:: WHAT THE EXERCISE ASKS ::
Beginning with the line that holds "Anybody find Bigfoot" and ending with the last line below, please copy every line exactly, add nothing, and leave out the pictures.

:: RAW DATA ::
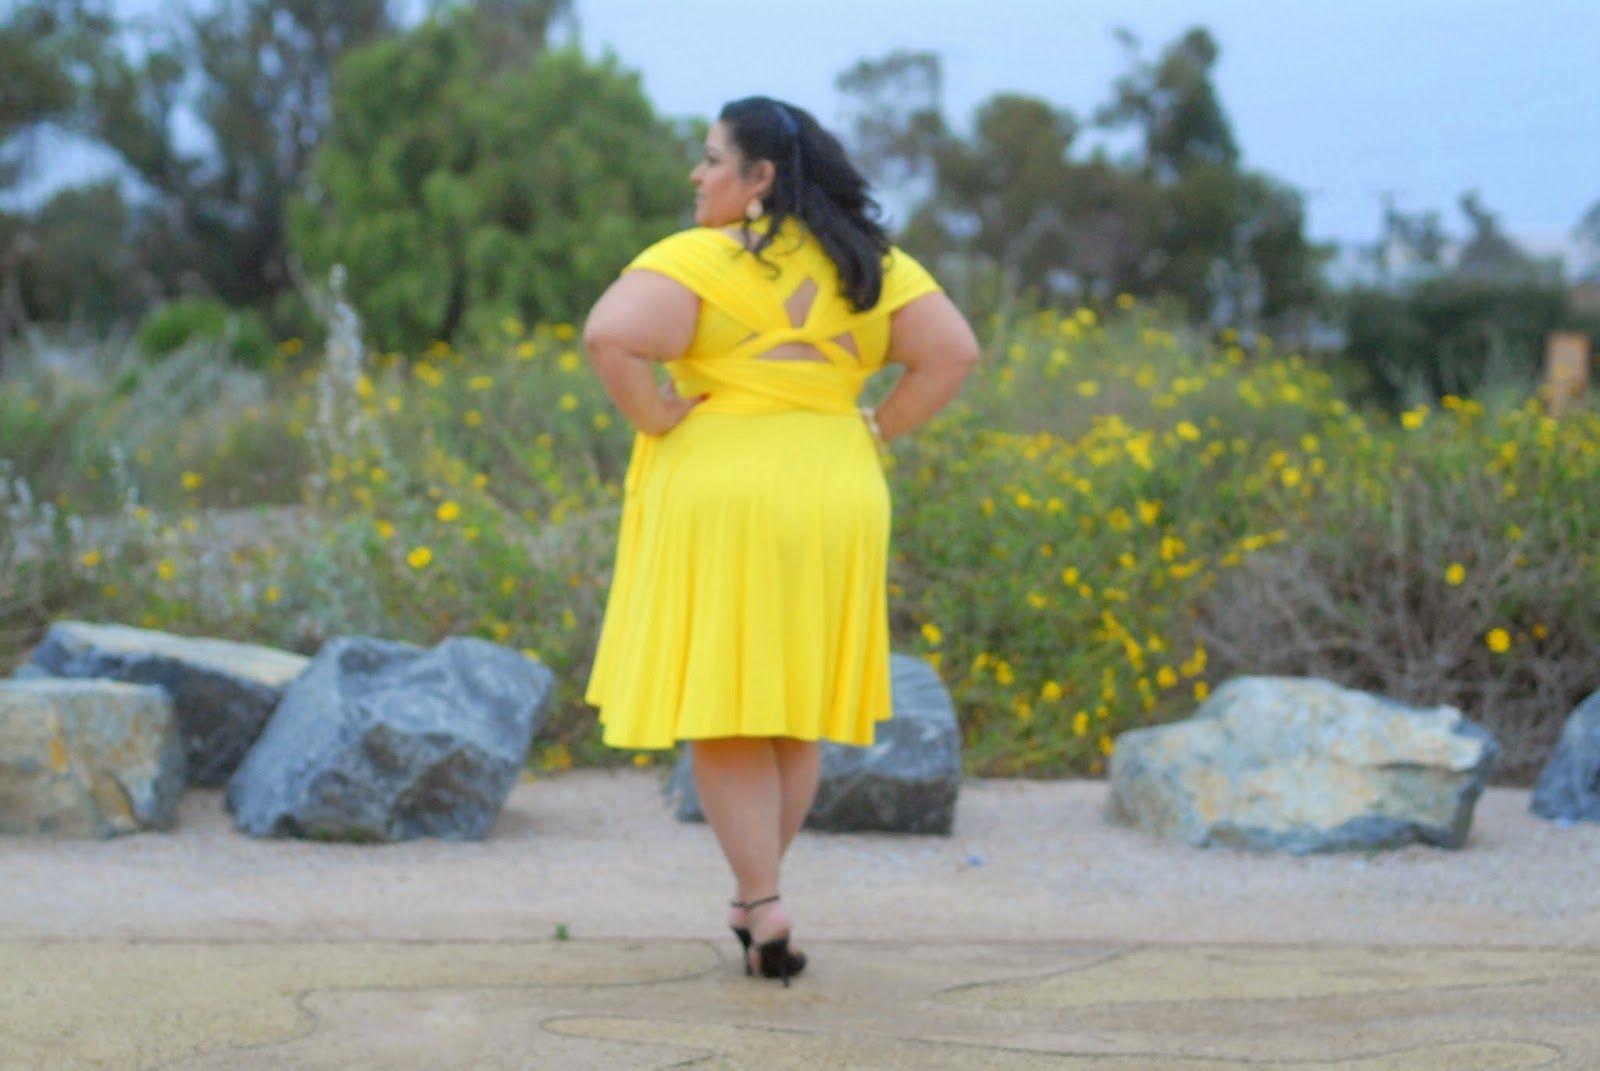 pinbbwgeneration on fatshionistas - plus size style | pinterest
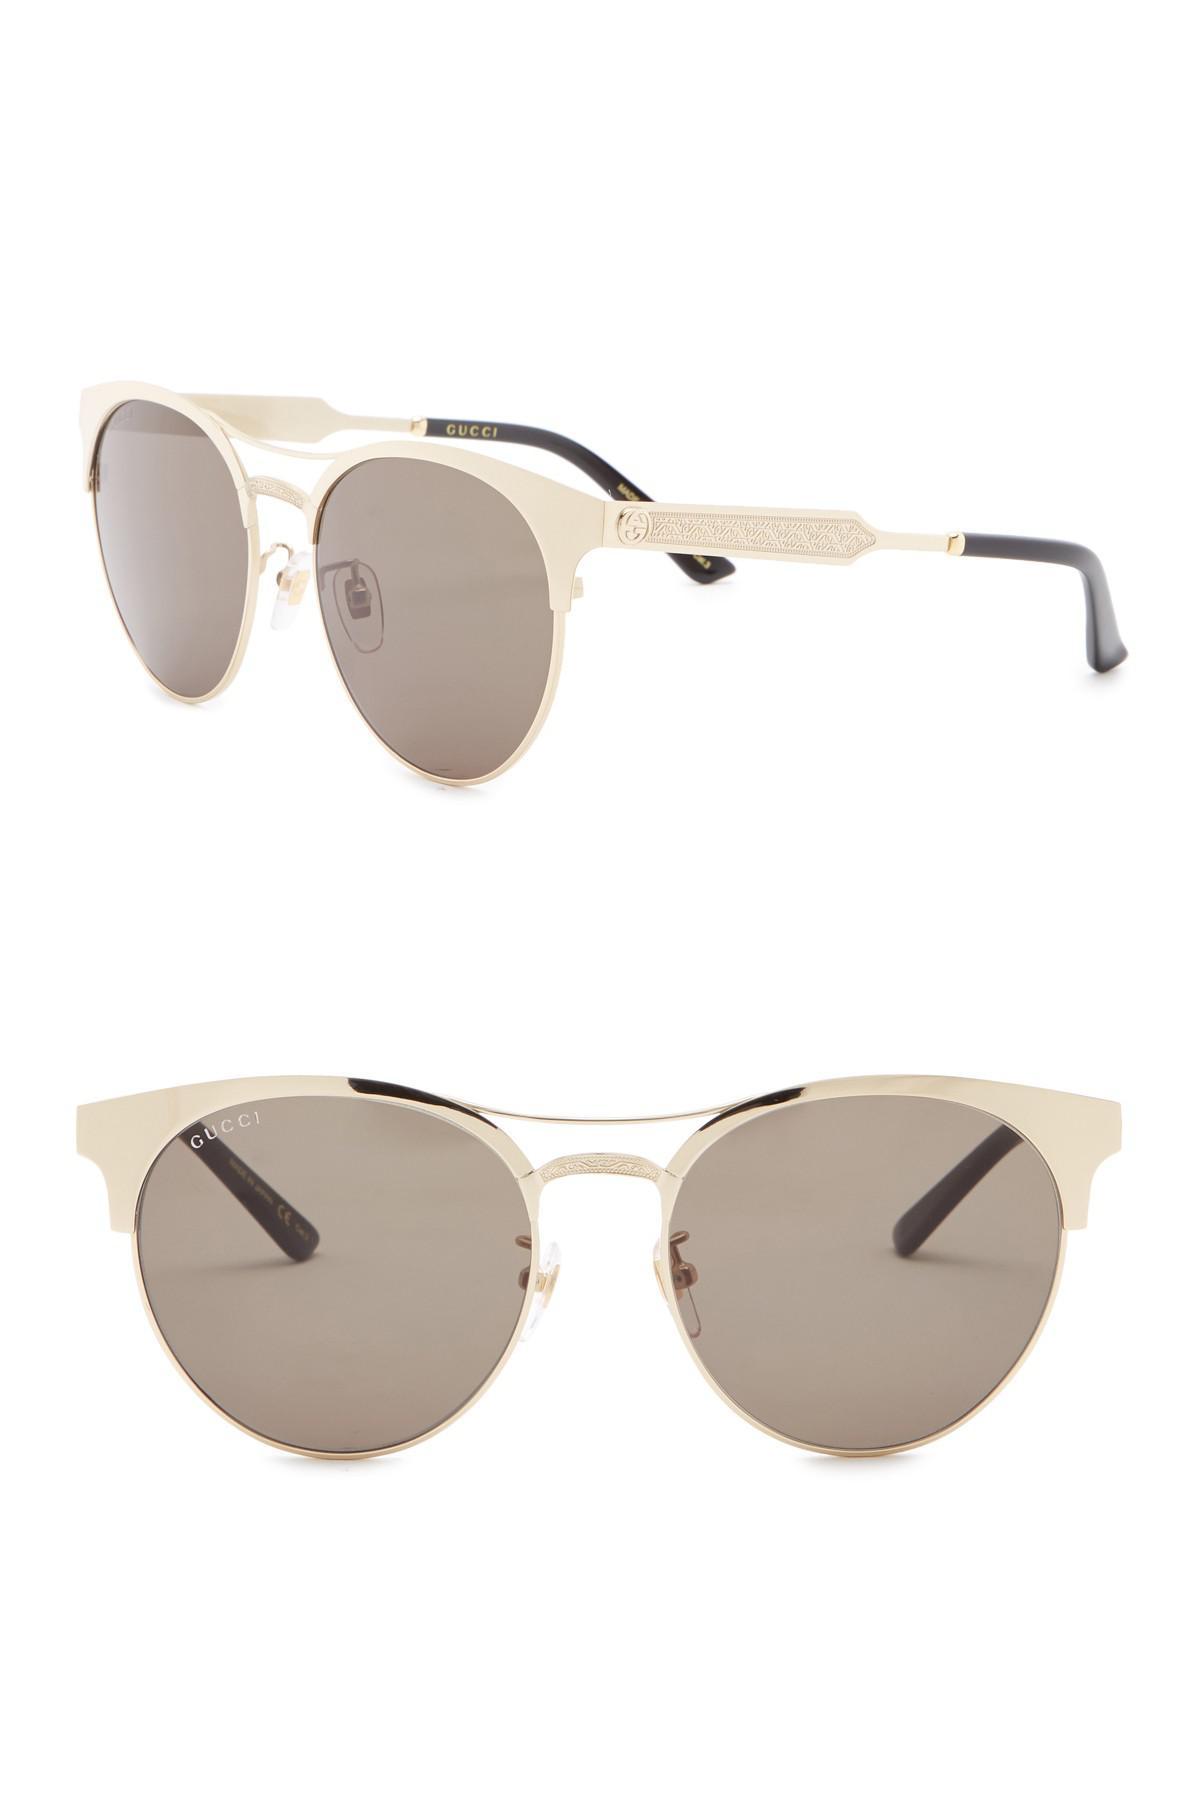 e027ddf1099 Lyst - Gucci 56mm Round Browbar Sunglasses in Metallic
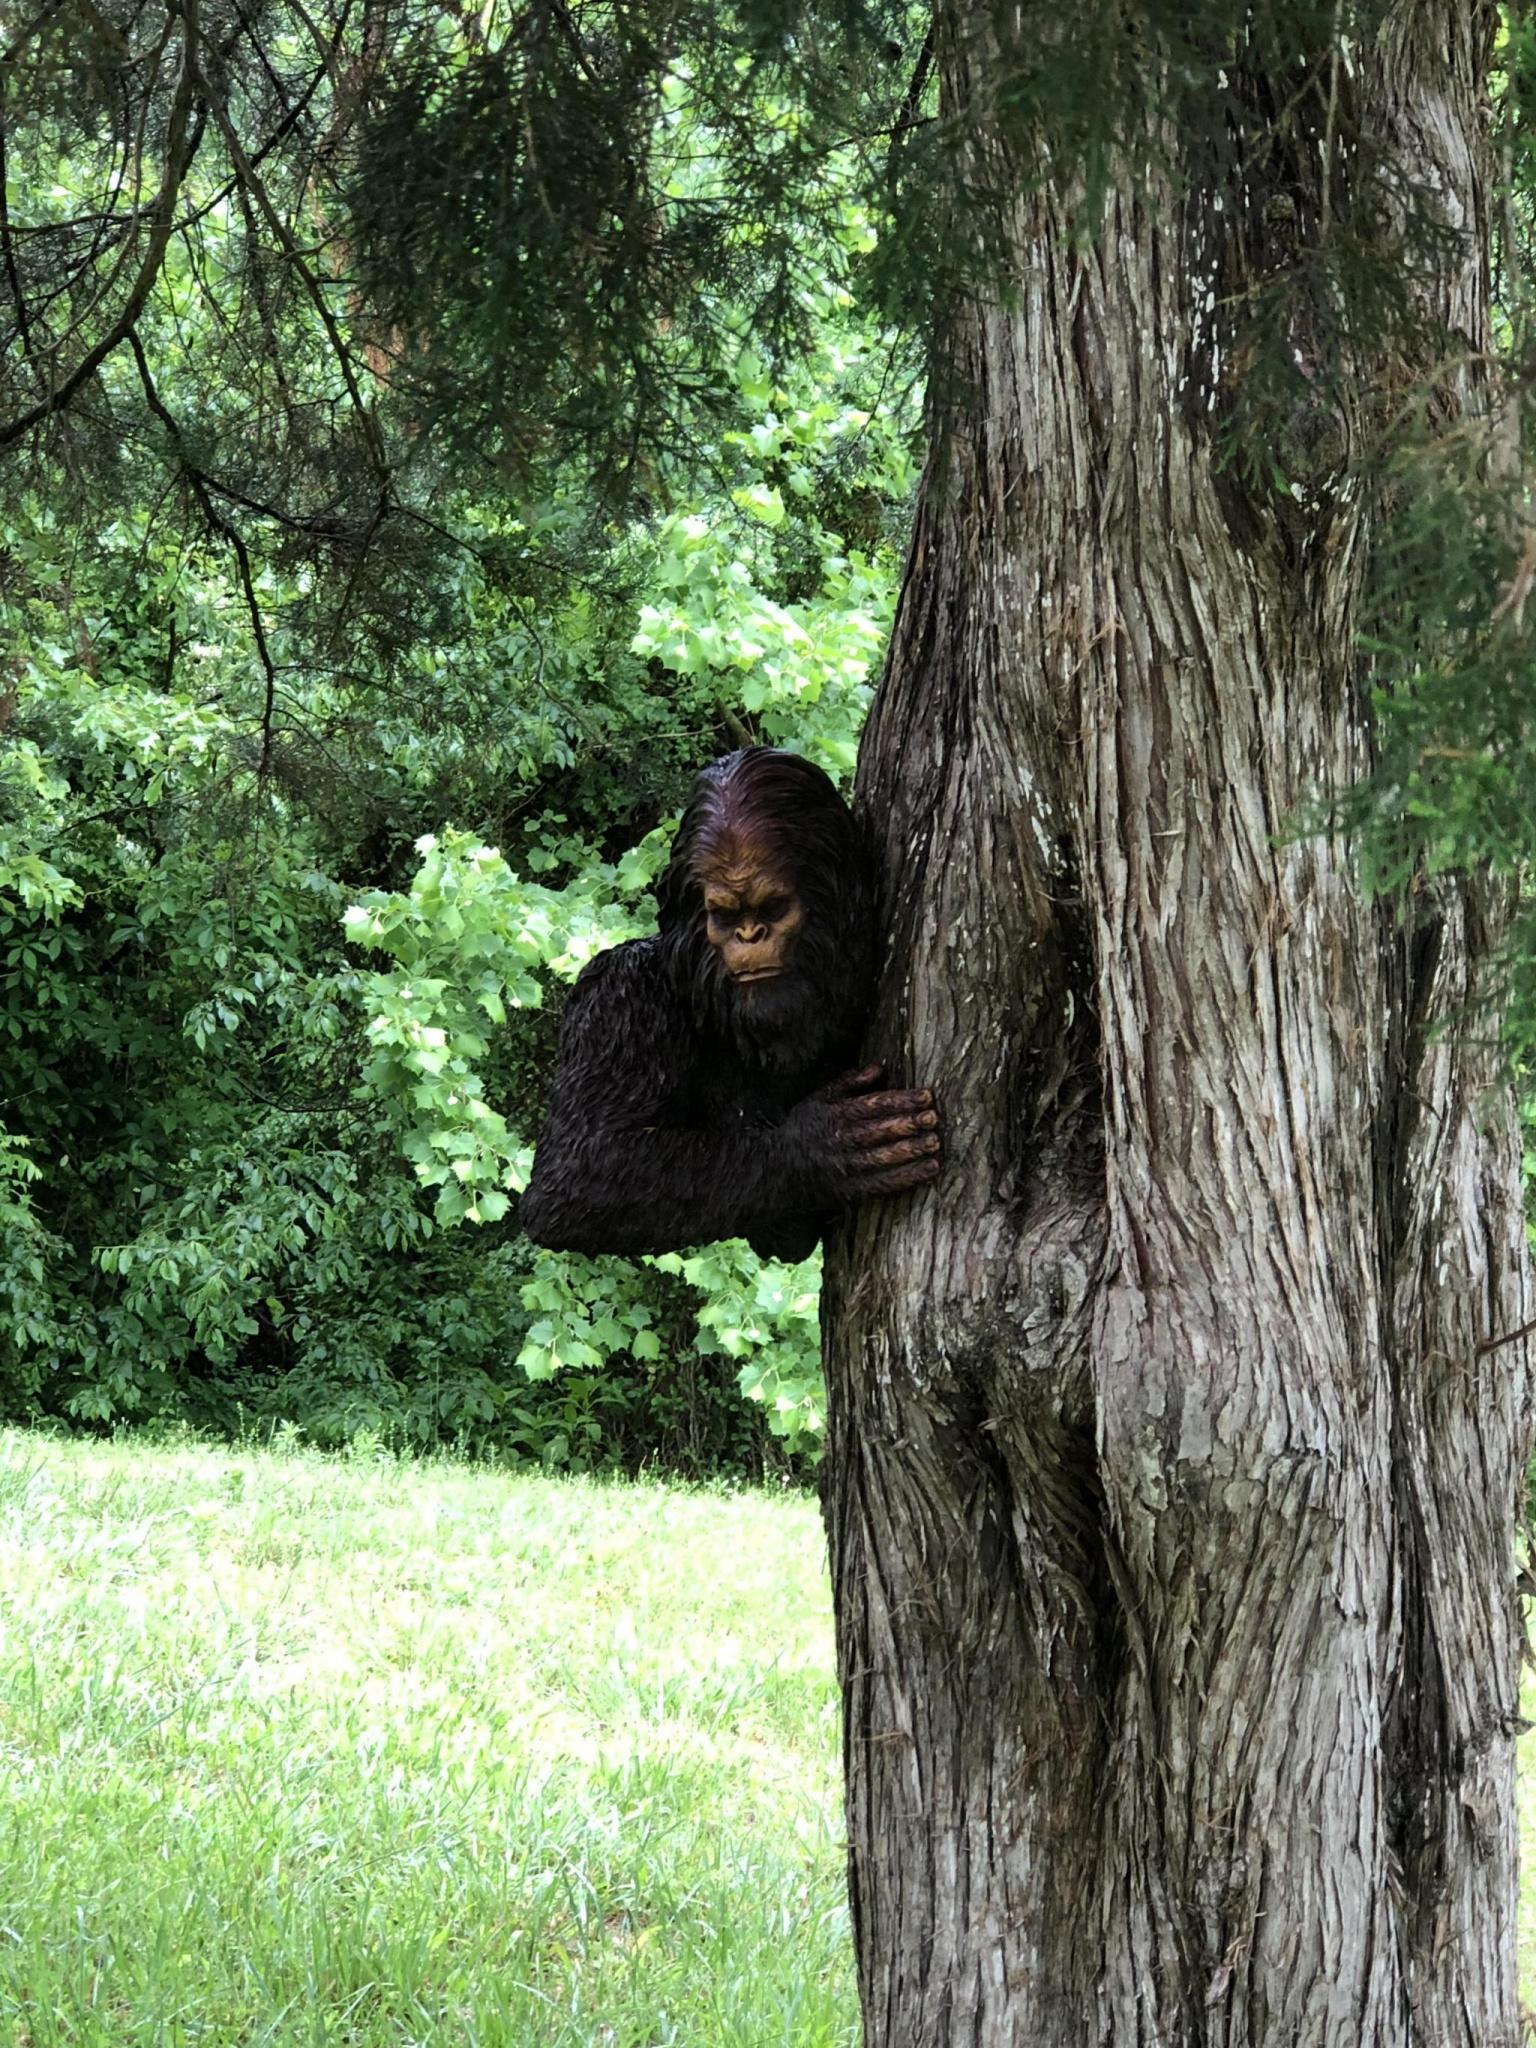 Anybody find Bigfoot yet?-9e6fe88d-fb64-4bcc-a322-248d6806de7d_1557679547029.jpg
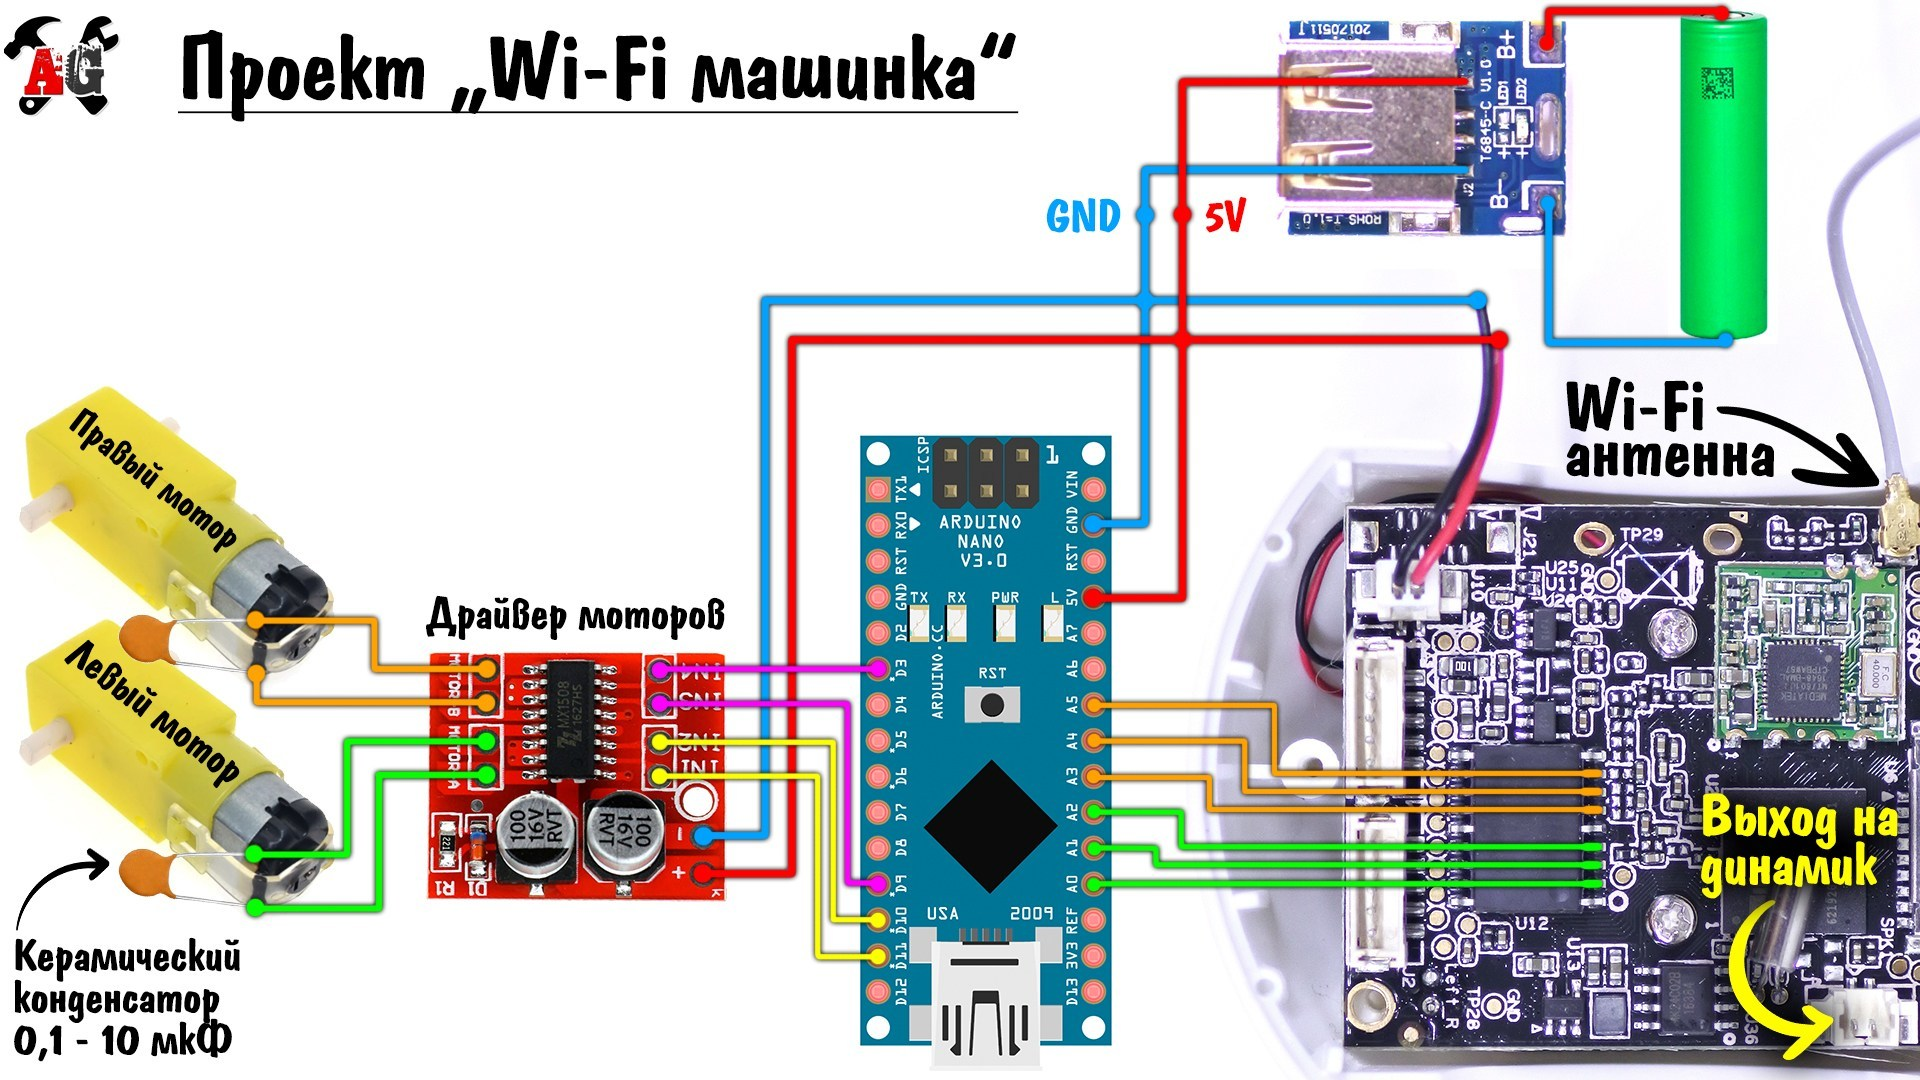 stärka wifi signal

:: RESULT FOR THIS TASK ::
 Anybody find Bigfoot yet?-9e6fe88d-fb64-4bcc-a322-248d6806de7d_1557679547029.jpg
 stärka wifi signal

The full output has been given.